Insuline is een hormoon gesynthetiseerd door ß -cellen van de eilandjes van Langerhans van het endocriene deel van de alvleesklier, een orgaan in de buikholte die spijsverteringsenzymen en hormonen synthetiseert.

Transmembraan signalering visualisatie geïnduceerd door ligand in de insuline -ontvanger.
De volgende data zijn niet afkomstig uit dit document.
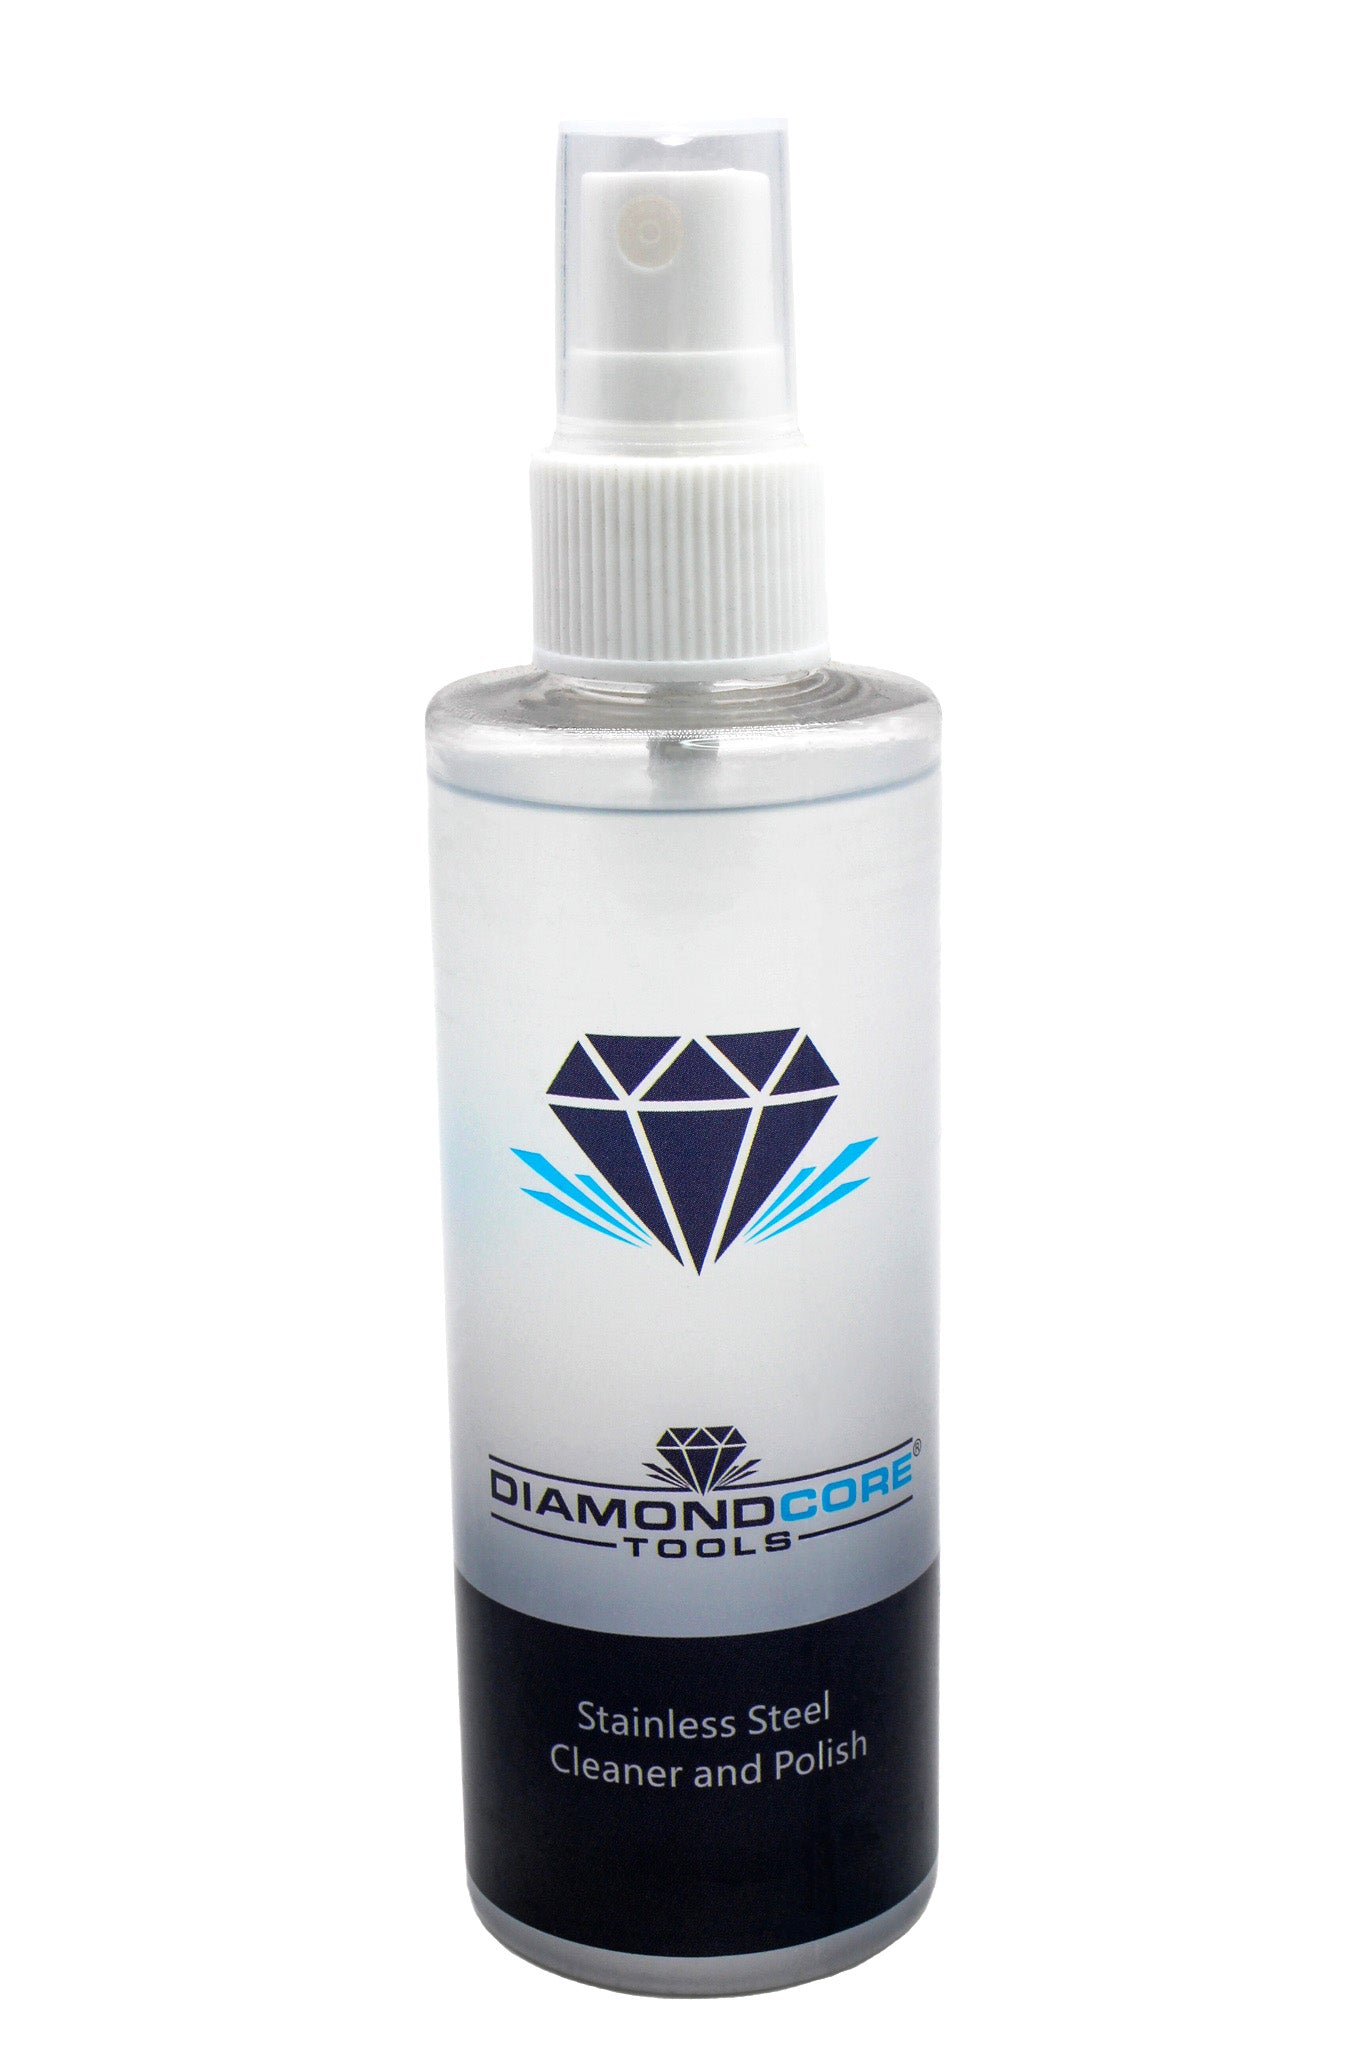 Stainless Steel Cleaner and Polish – DiamondCore Tools

Theresia Gutmann, Kelly H. Kim, Michal Grzybek, Thomas Walz, ünal Coskun [CC door 4.0 (https: // creativeCommons.Org/licenties/door/4.0)]

De gesynthetiseerde insuline en vrijgegeven door de alvleesklier bindt aan zijn ontvanger in het plasmamembraan van de witte cellen en als gevolg van deze koppelings-ontvanger-unie, wordt een reeks intracellulaire processen geactiveerd die uiteindelijk glucose-toegang tot deze cellen bevorderen in deze cellen.

Insuline is verantwoordelijk voor de activering van veel anabole reacties of synthese gerelateerd aan koolhydraat-, vet- en eiwitmetabolisme.

Insulinereceptoren zijn glycoproteïnen gevormd door vier subeenheden met zijn amino- en terminale carboxylgedeelte in het cytoplasmatische gebied. Wanneer deze receptoren binden aan insuline, zijn ze gegroepeerd en endocyten.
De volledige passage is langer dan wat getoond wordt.